– Ну что вы стесняетесь? Ревнуете? Так и скажите! – она улыбалась, но как будто хотела этого признания.
Несмотря на соблазн признаться в своих чувствах, он ответил:
– У нас не принято ревновать ни к людям, ни тем более к снам. У нас вообще не принято ревновать. Больше скажу: ревновать – это стыдно.
– А у нас принято. Да ещё как. И к снам, и к фонарным столбам. И я не считаю, что это плохо. Ревность – это же обратная сторона любви, – и тут её осенило: – Вот! Именно! У вас есть всё кроме любви. И потому так холодно…

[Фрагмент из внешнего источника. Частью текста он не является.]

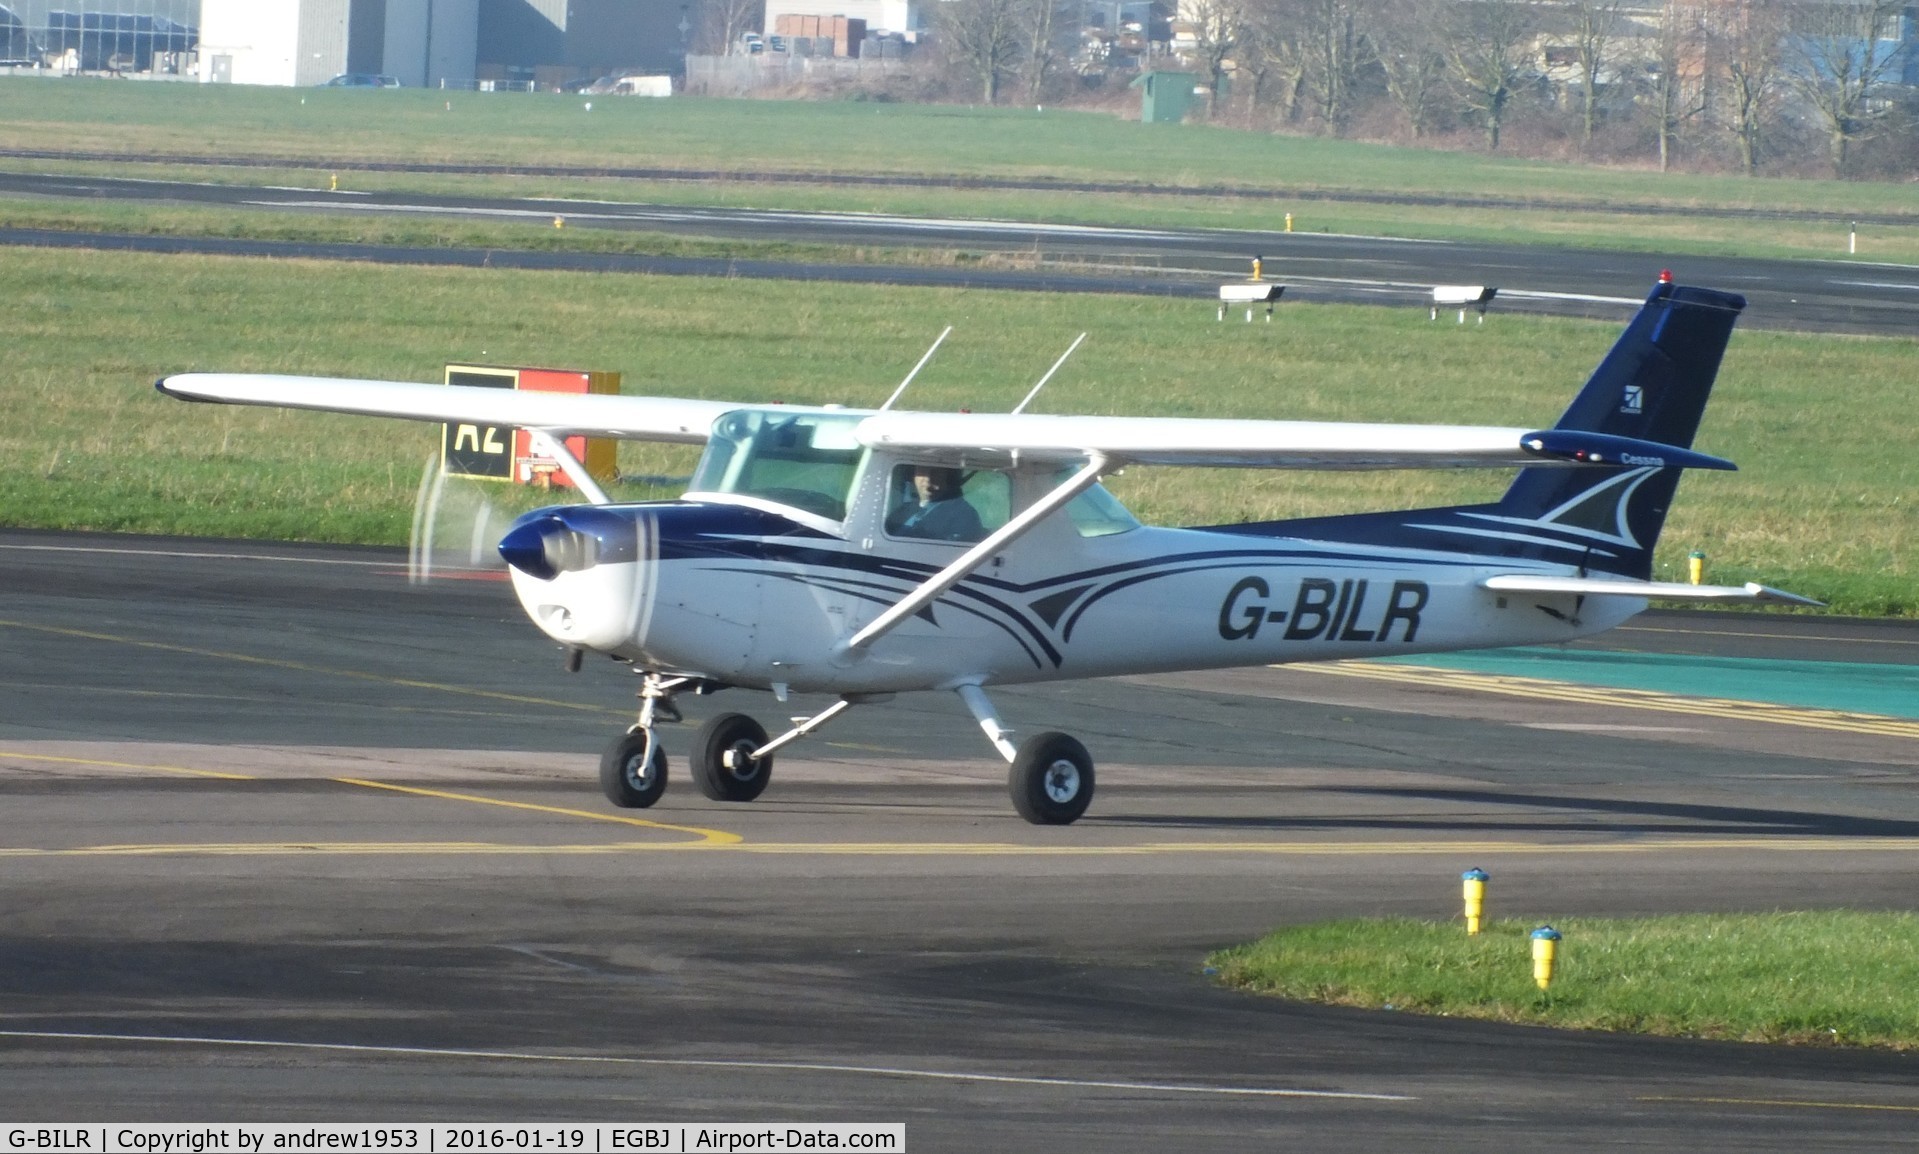 G-BILR, 1981 Cessna 152 C/N 152-84822, G-BILR at Gloucestershire Airport.

Тут в пустоте медицинского отсека послышалось вежливое покашливание.
– Не хотел прерывать вас и немного подслушал. Простите, – прозвучал голос капитана. Камиль, увлечённый разговором с Надеждой, пропустил начало утреннего сеанса связи. – Вы правы, милочка. Когда у нас искоренили ревность, почти тогда же умерла и любовь. А за ней и семейные ценности атрофировались.
– Так что же в этом плохого? – с ходу подключилась Хельга. – Первобытные, животные инстинкты и обычаи должны отойти на второй план и отвалиться, как хвост у обезьяны.
– Хвост отваливается, но копчик-то всё равно остаётся, – мгновенно отреагировал капитан.
– О копчике вспоминают, только когда ломают его при крайне неудачном падении, – профессионально заметила докторша.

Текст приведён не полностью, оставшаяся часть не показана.